**Goal of the exercise**
Since pictures are not part of the copy, please output only the lines from the one with "Pullover Crew Neck" through the end of the data below, exactly as written.

**Provided material**

- - -

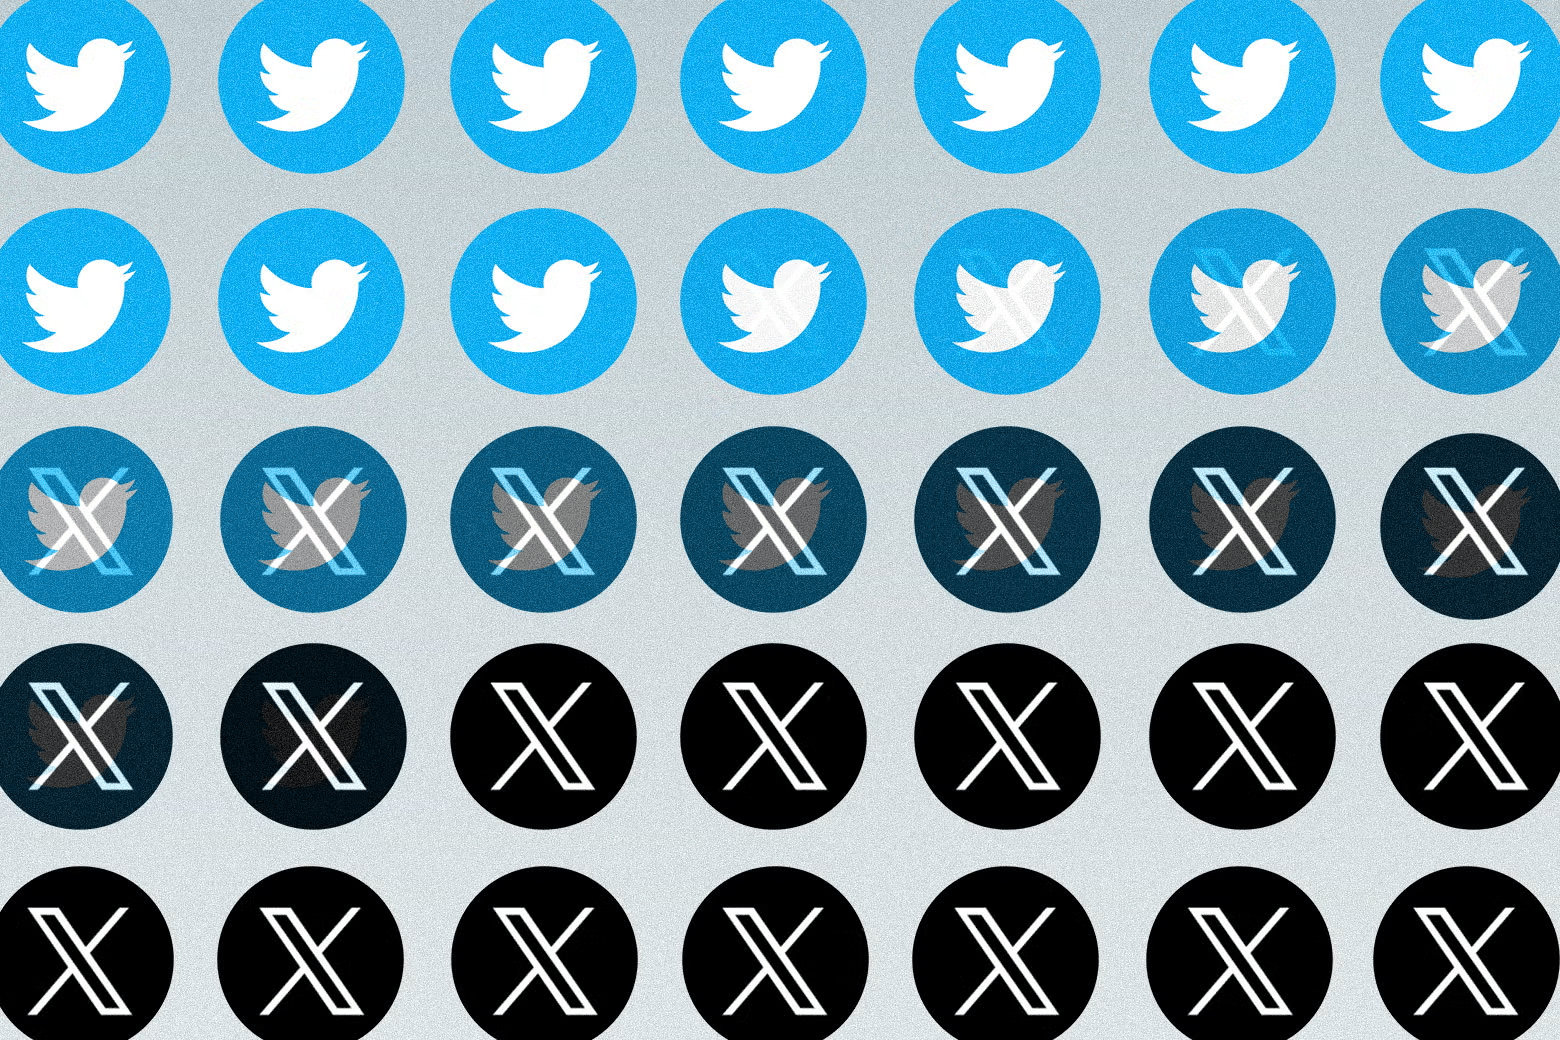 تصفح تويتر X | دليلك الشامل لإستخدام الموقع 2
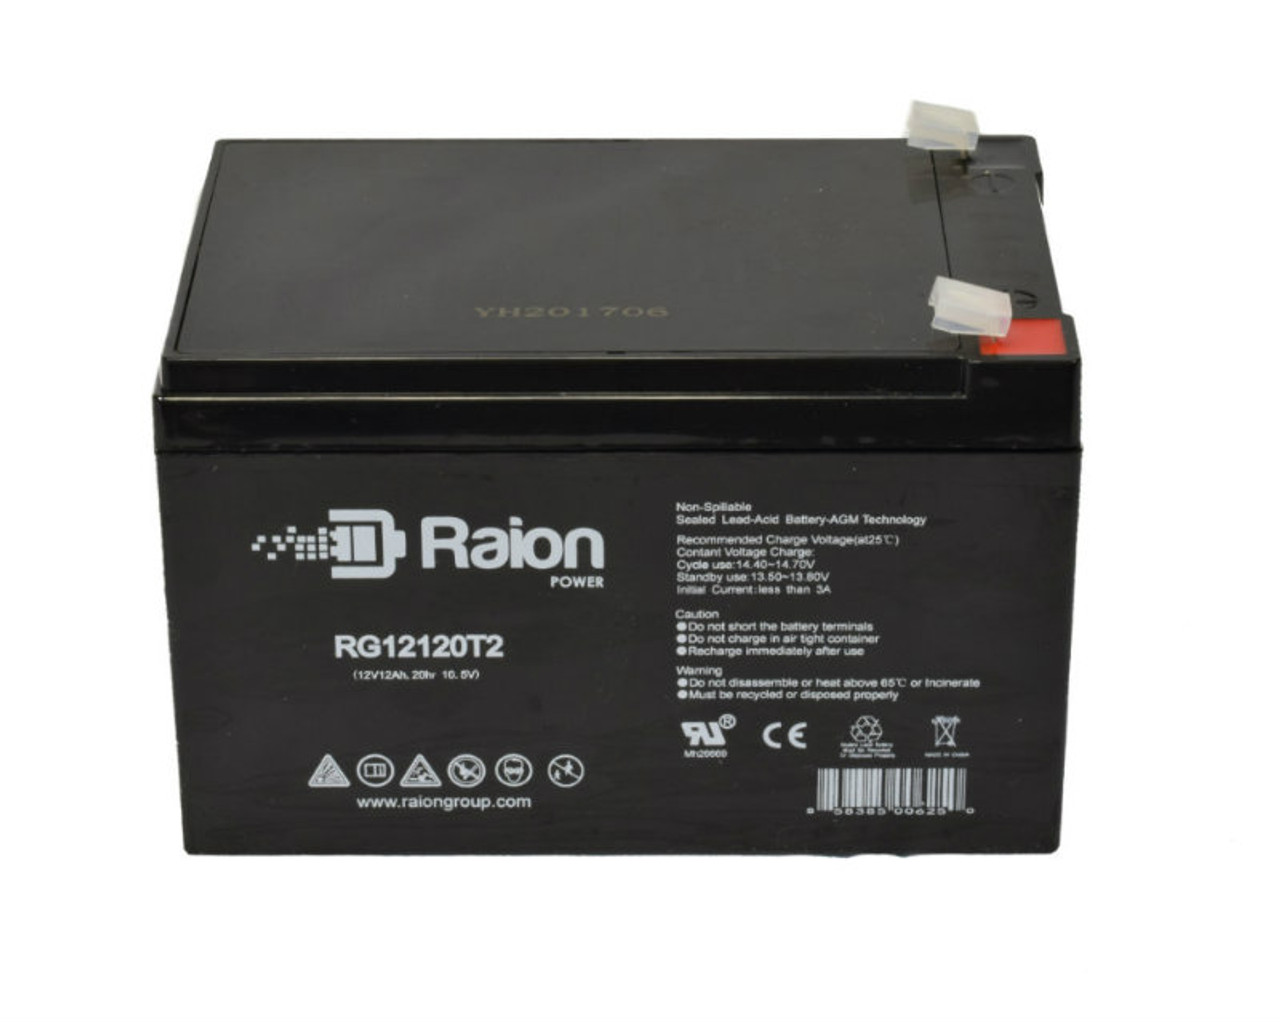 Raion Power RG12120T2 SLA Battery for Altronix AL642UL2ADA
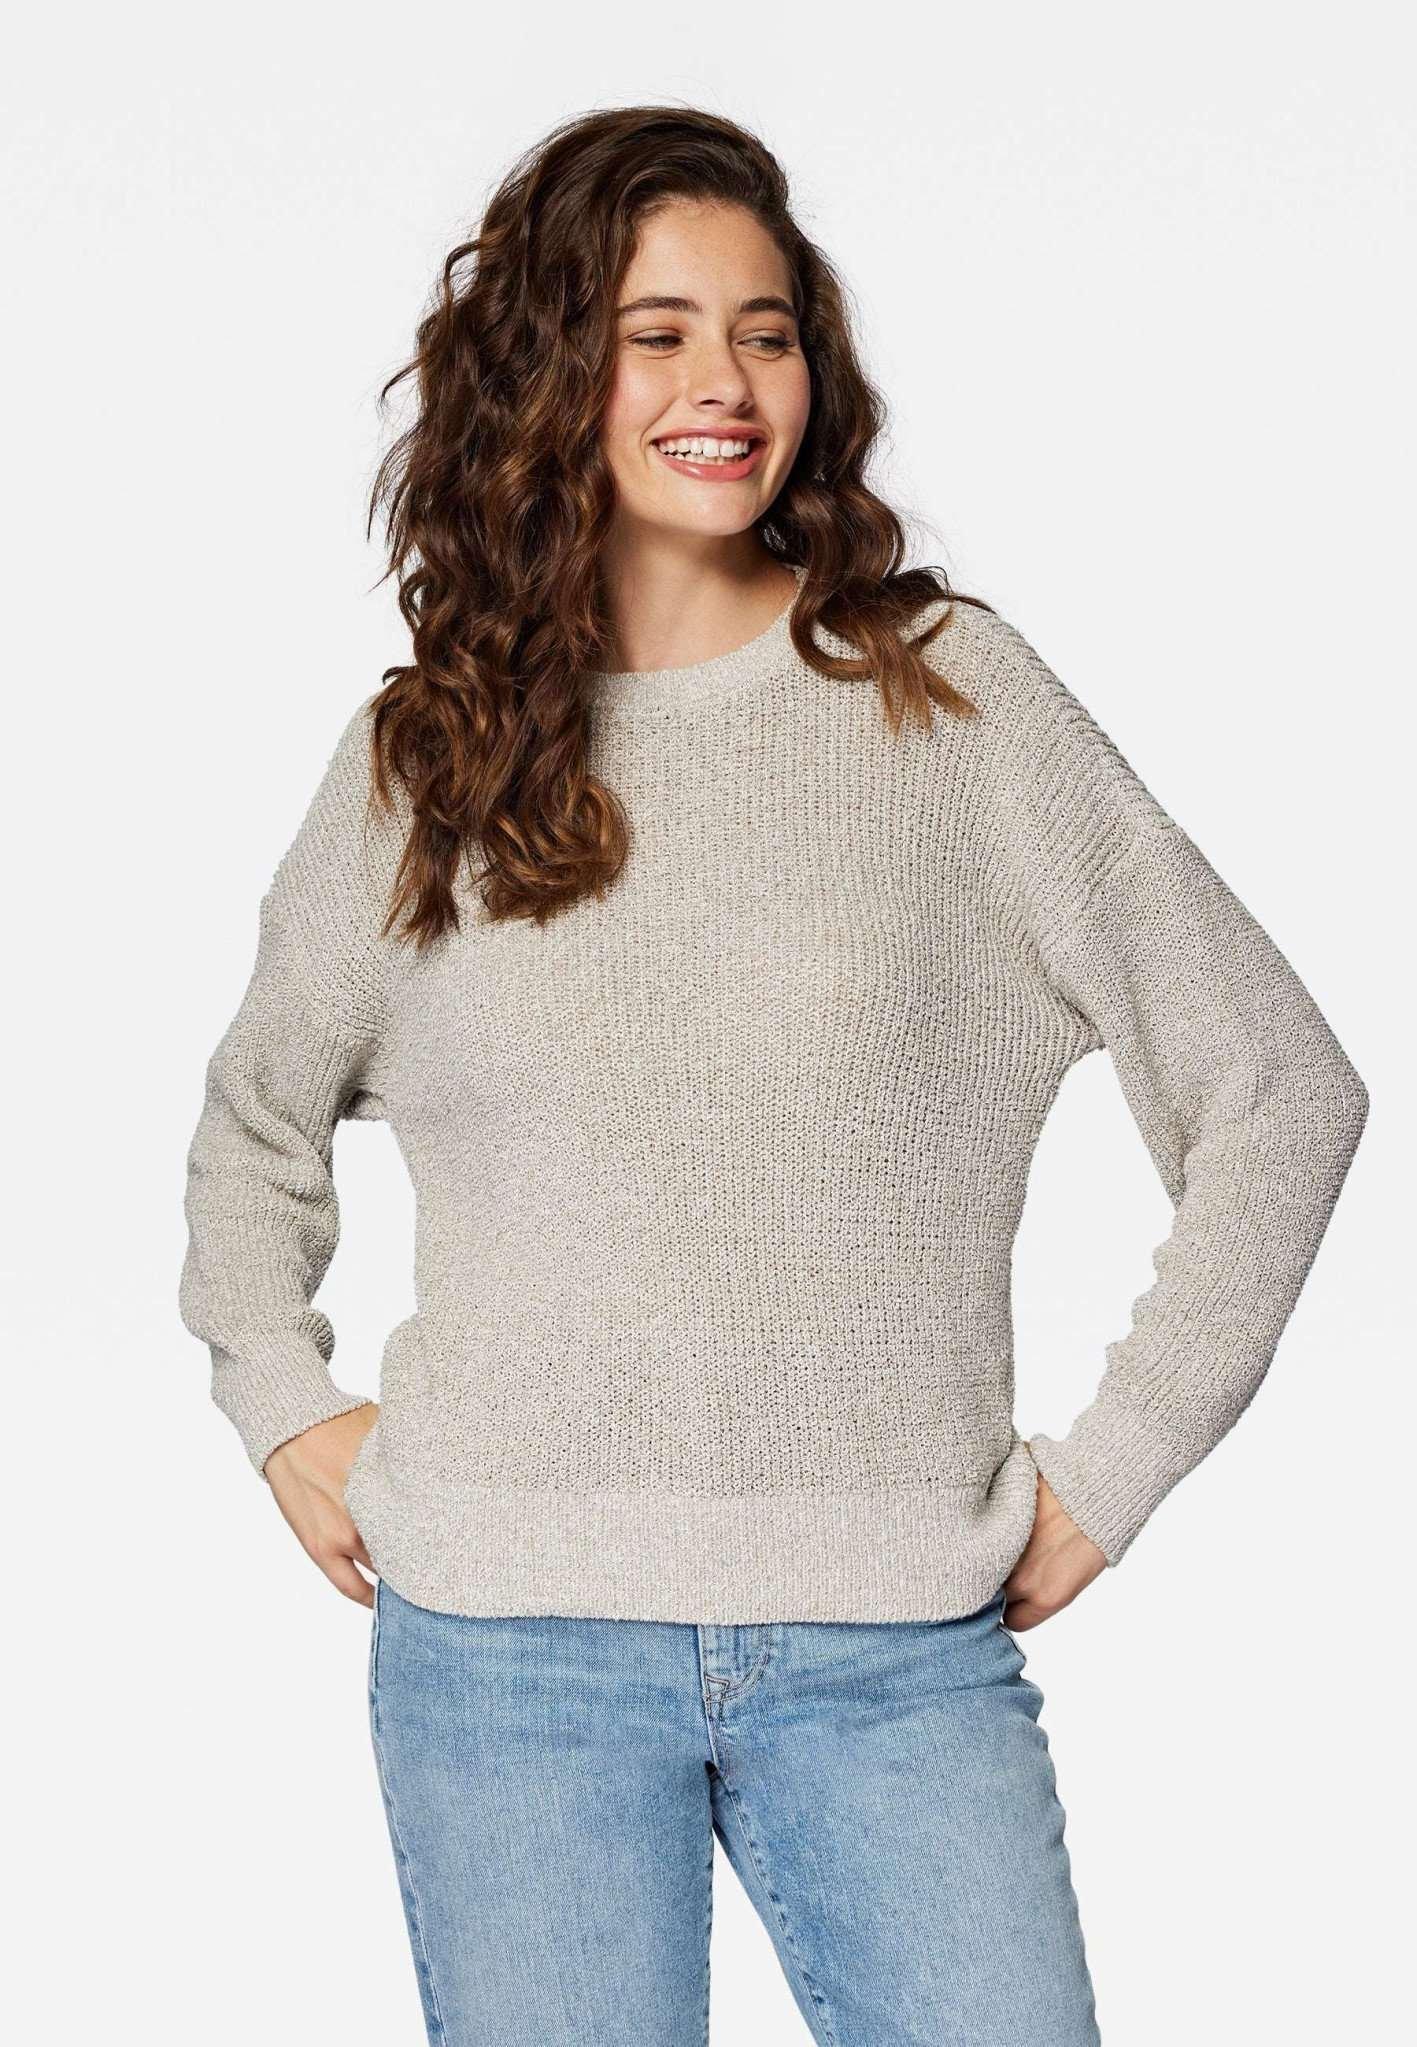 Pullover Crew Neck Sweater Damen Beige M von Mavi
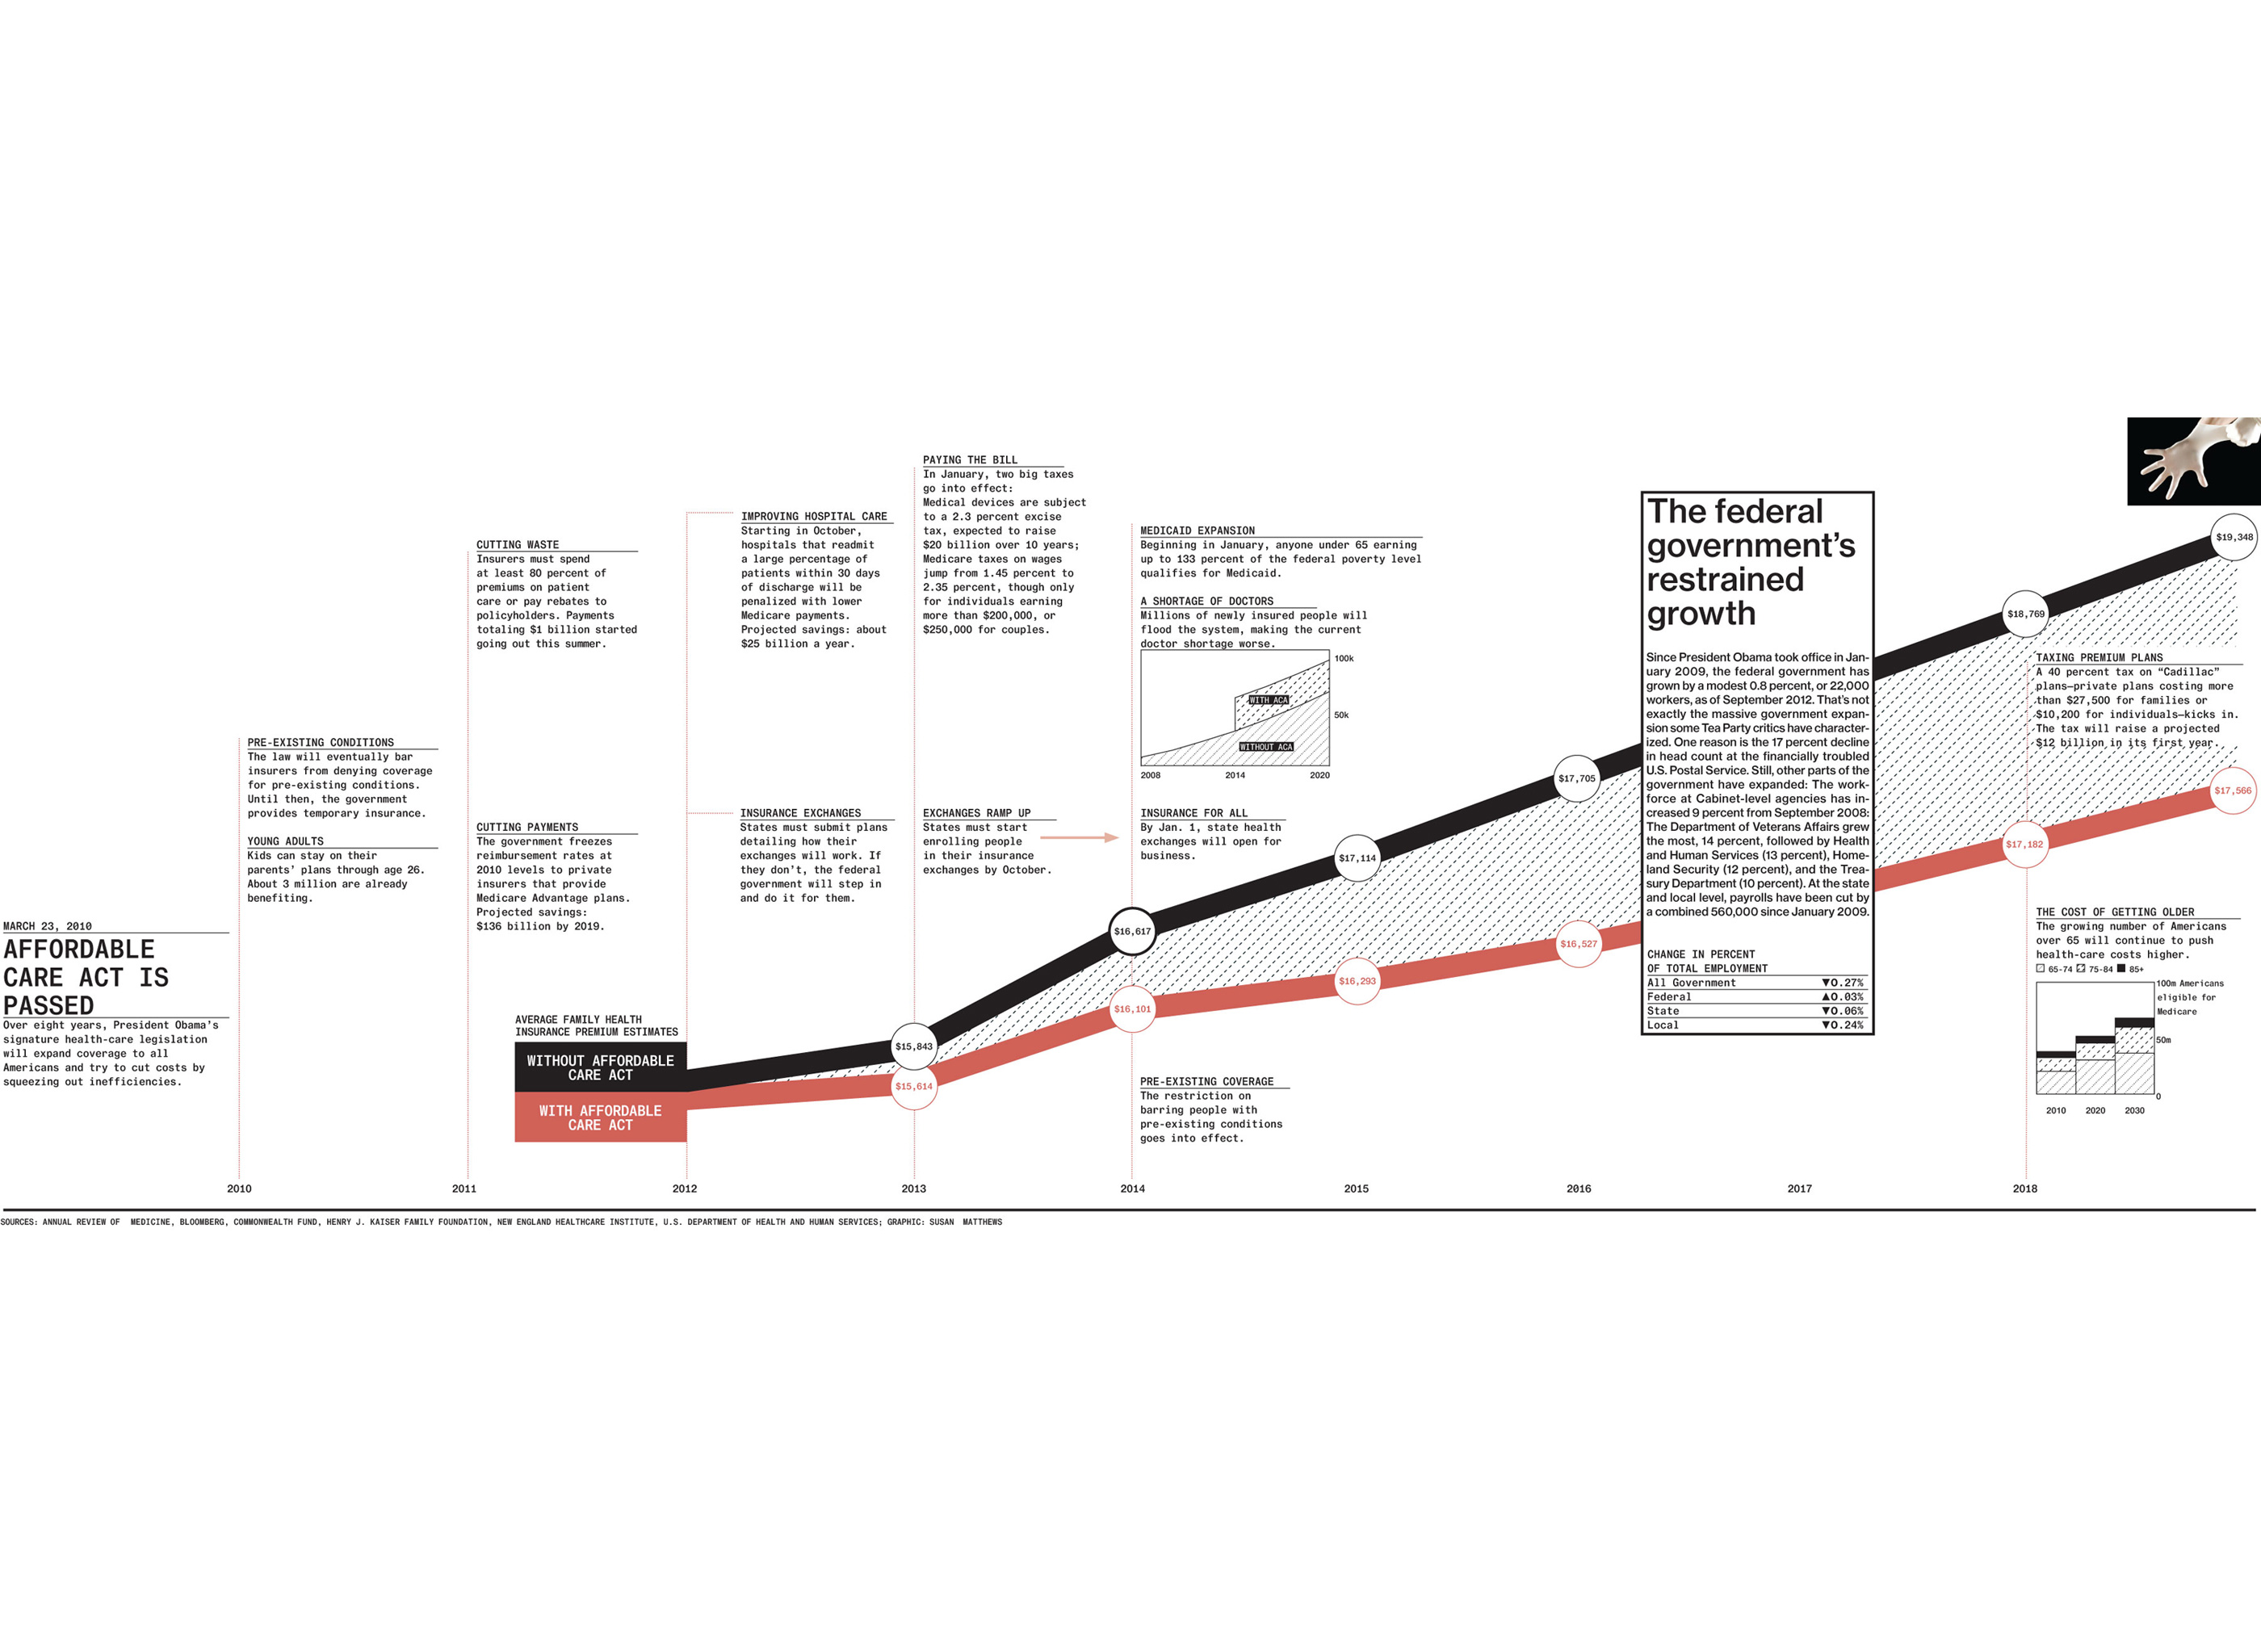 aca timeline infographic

- - -

**Result below**
 Pullover Crew Neck Sweater Damen Beige M von Mavi
 aca timeline infographic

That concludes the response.